====== Records for this task

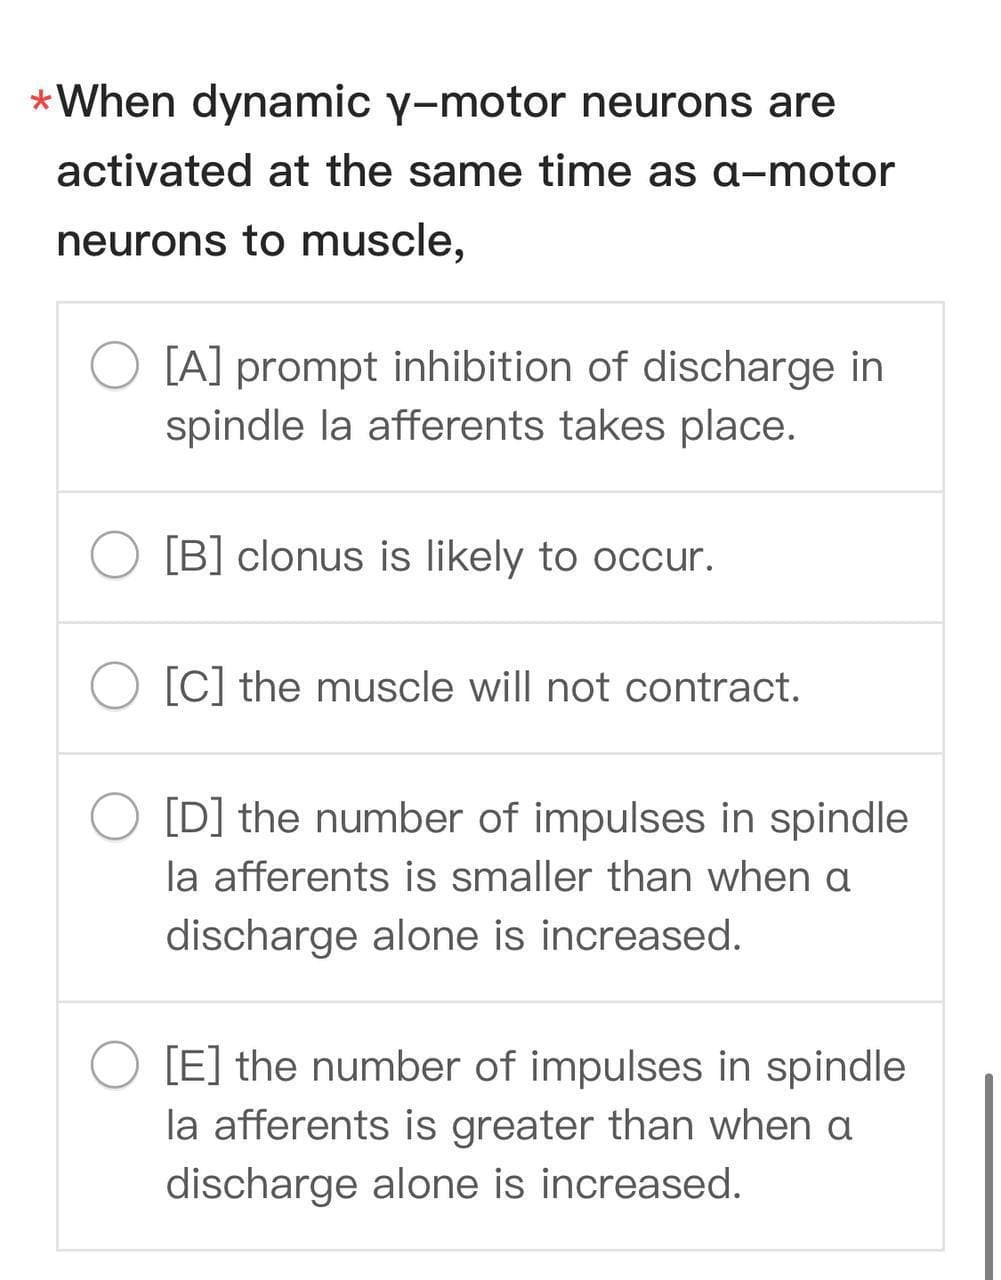 *When dynamic y-motor neurons are
activated at the same time as a-motor
neurons to muscle,
[A] prompt inhibition of discharge in
spindle la afferents takes place.
[B] clonus is likely to occur.
[C] the muscle will not contract.
[D] the number of impulses in spindle
la afferents is smaller than when a
discharge alone is increased.
[E] the number of impulses in spindle
la afferents is greater than when a
discharge alone is increased.

============

How to complete this task: Beginning at the line containing "[D] the number of impulses in spindle", repeat each line exactly through the last line of the entries, and include no other lines.

Exercise response:
[D] the number of impulses in spindle
la afferents is smaller than when a
discharge alone is increased.
[E] the number of impulses in spindle
la afferents is greater than when a
discharge alone is increased.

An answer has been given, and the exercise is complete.